Points where the sum of the digits of the x coordinate plus the sum of the digits of the y coordinate are greater than 25 are inaccessible to the ant. For example, the point (59,79) is inaccessible because 5 + 9 + 7 + 9 = 30, which is greater than 25.

How many points can the ant access if it starts at (1000, 1000), including (1000, 1000) itself?

The author compares a Python2 solution with a F# solution (with the idea that the F# is better), the solutions offered (sorry, no text here, just images):





In a successive slide it shows that the Python implementation returns the correct result (148848) in about 12.4 seconds, but only on certain compuer, while on another one it produces a stack overflow, while the F# version returns the correct result in 5.8 seconds (and only one machine is tested).

I don't know enough about F# to comment, but that Python solution is just bad.
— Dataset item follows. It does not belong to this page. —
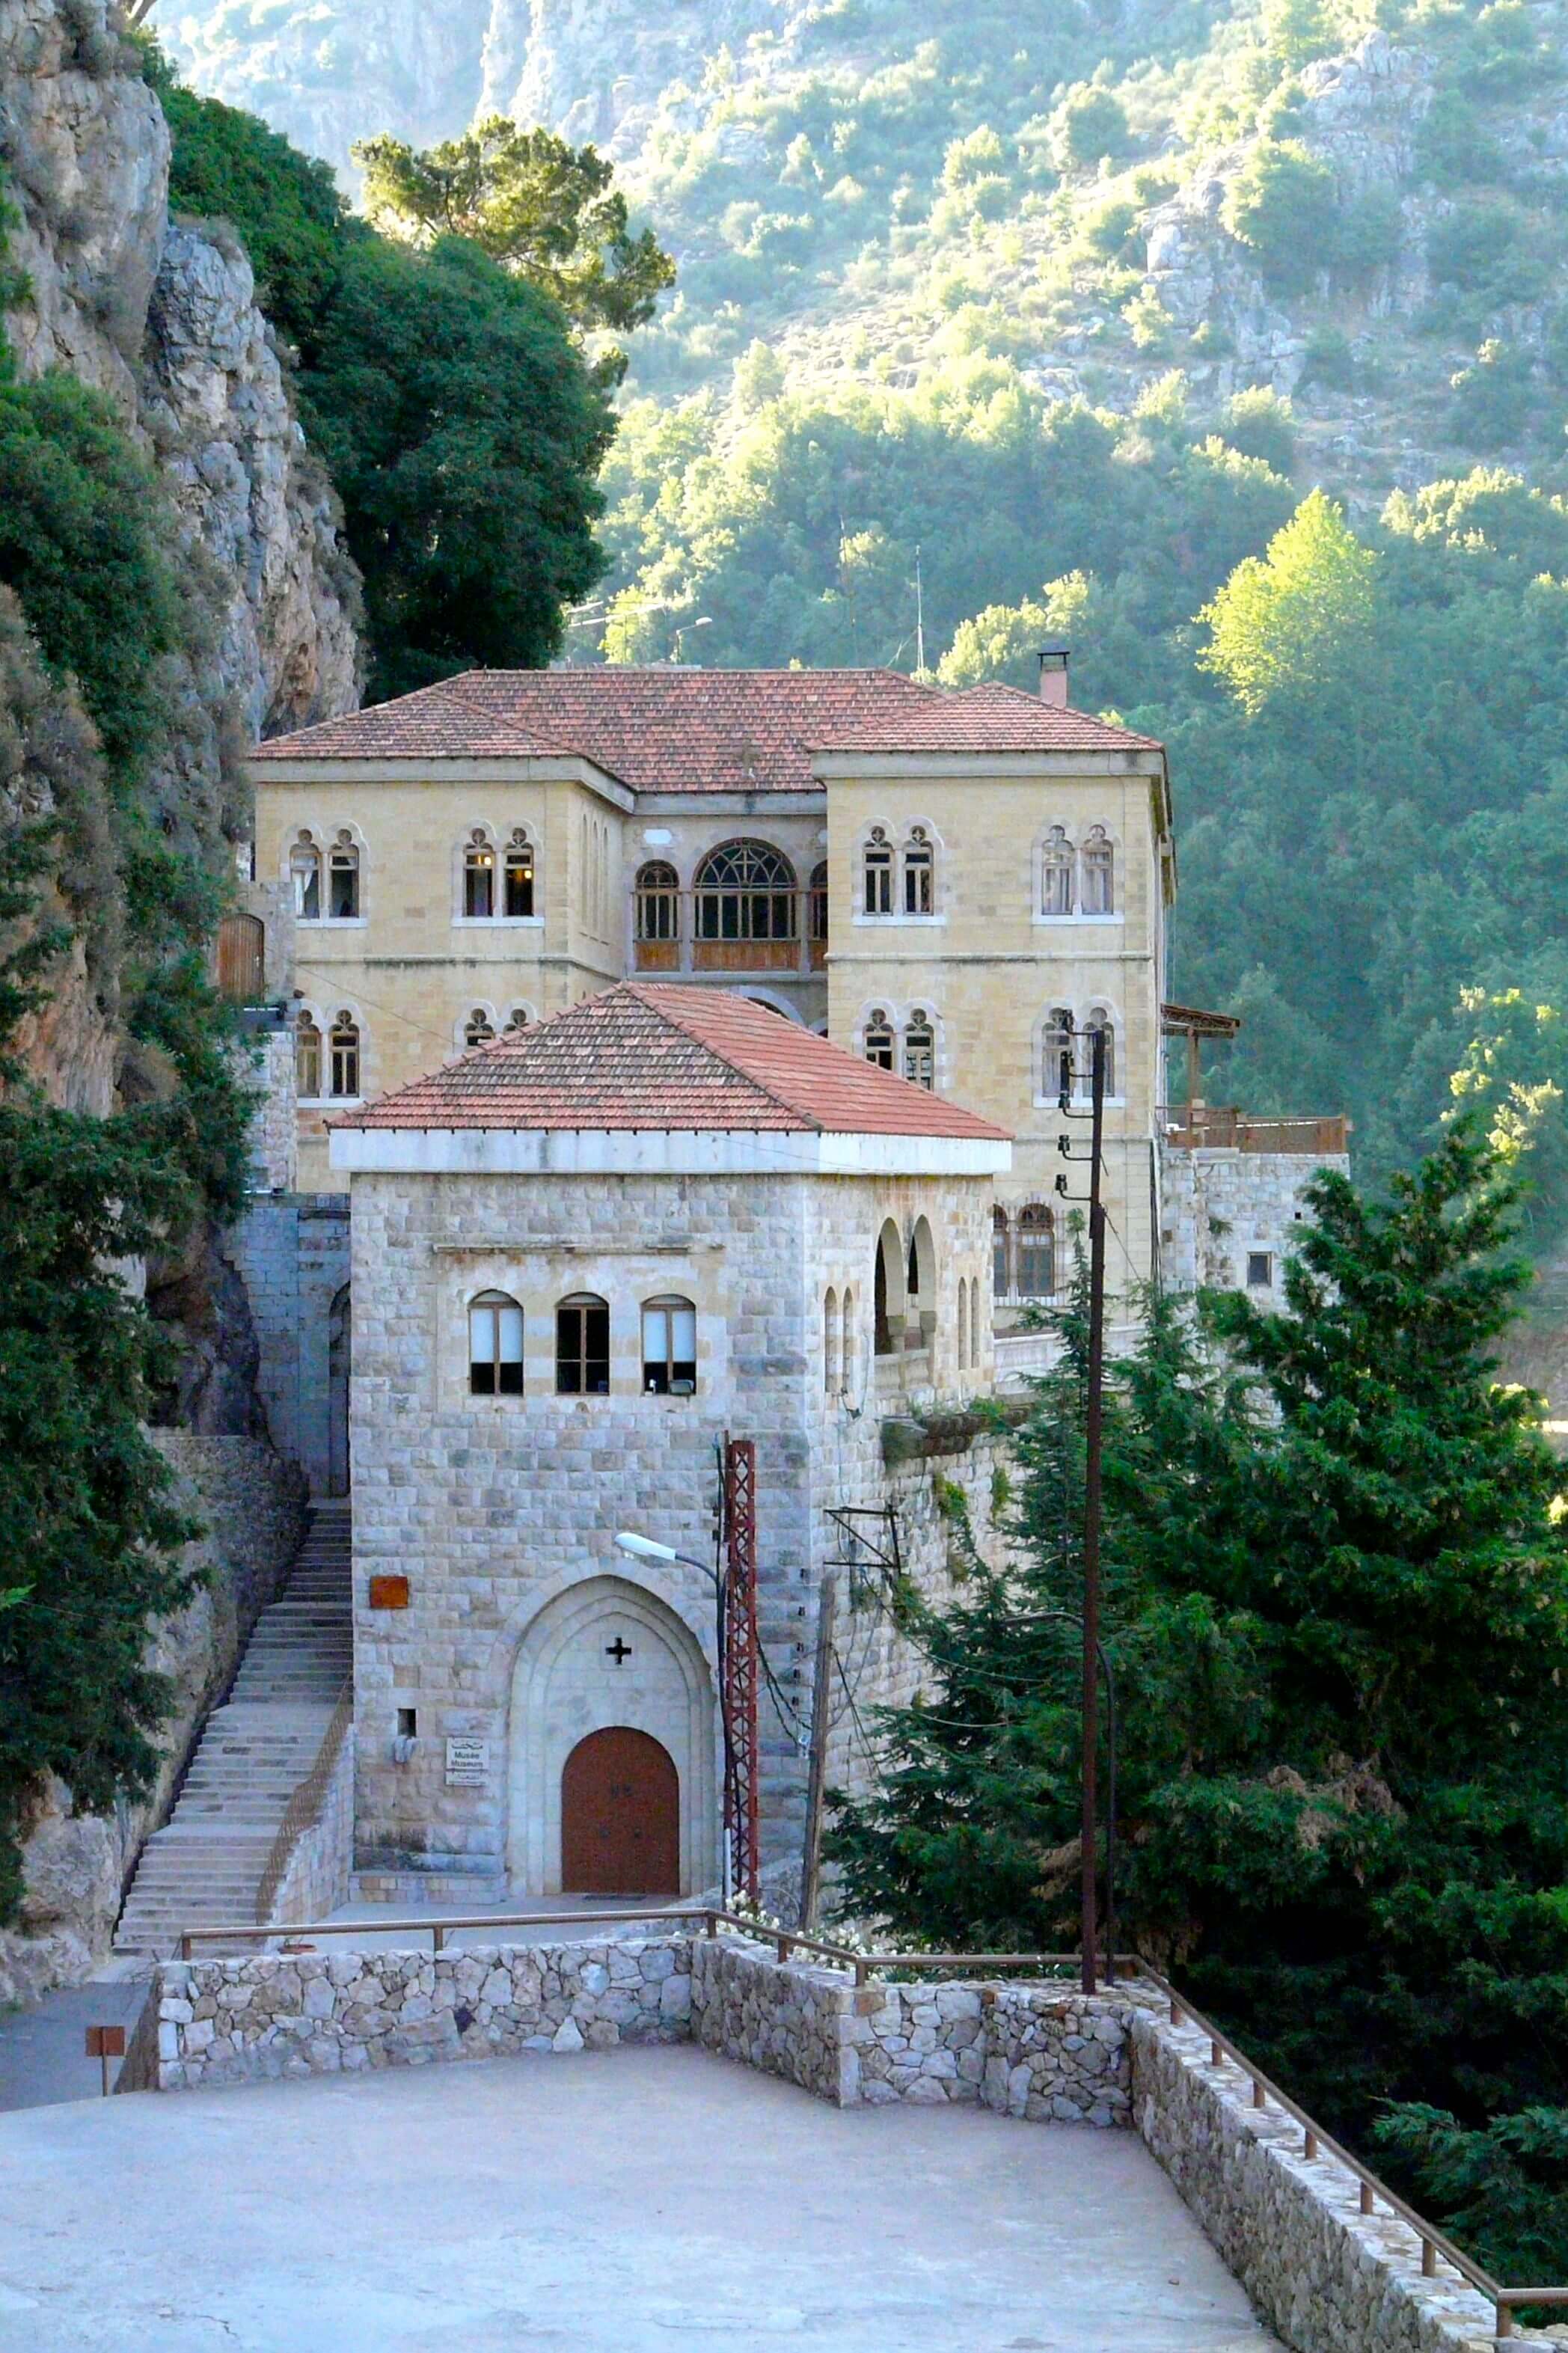 libanon, qadishavallei, qozhaya klooster guesthouse.jpg
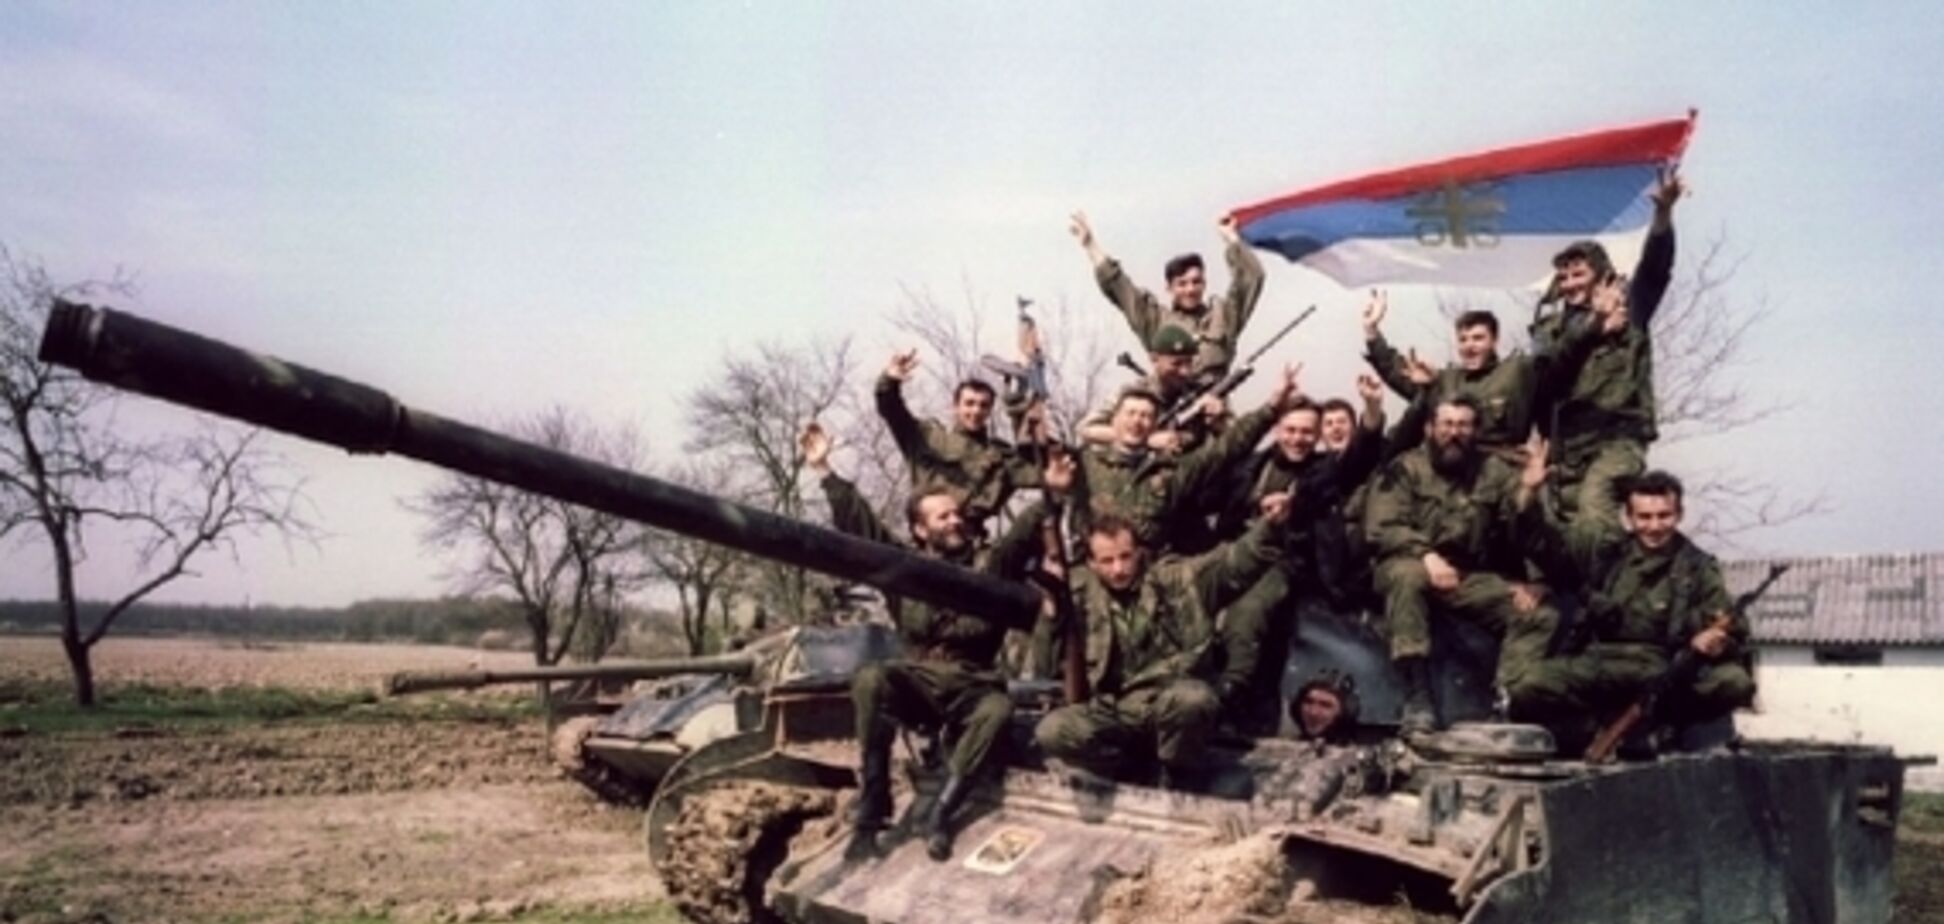  Война в Югославии опять рассорила НАТО с Россией: детали международного скандала

This was my first python version, and it has given the right result on the first try:
from collections import deque
import psyco; psyco.full()

def sum_digits(n):
    tot = 0
    while n:
        tot += n % 10
        n //= 10
    return tot

def ant():
    seen = set()
    count = 0
    stack = deque([(1000, 1000)])

    while stack:
        p = stack.pop()
        if p not in seen:
            seen.add(p)
            x, y = p
            if sum_digits(x) + sum_digits(y) <= 25:
                count += 1
                stack.append((x+1, y  ))
                stack.append((x-1, y  ))
                stack.append((x,   y+1))
                stack.append((x,   y-1))

    return count

print ant()

It gives no stack overflows, and on my oldish PC (Celeron 2.3 GHz, Python v2.6.6) runs in about 0.56 seconds (more than ten times faster than the F# version that maybe runs on a faster PC), without Psyco it runs in about 1.28 seconds. And in my opinion its code is simpler than the F# version.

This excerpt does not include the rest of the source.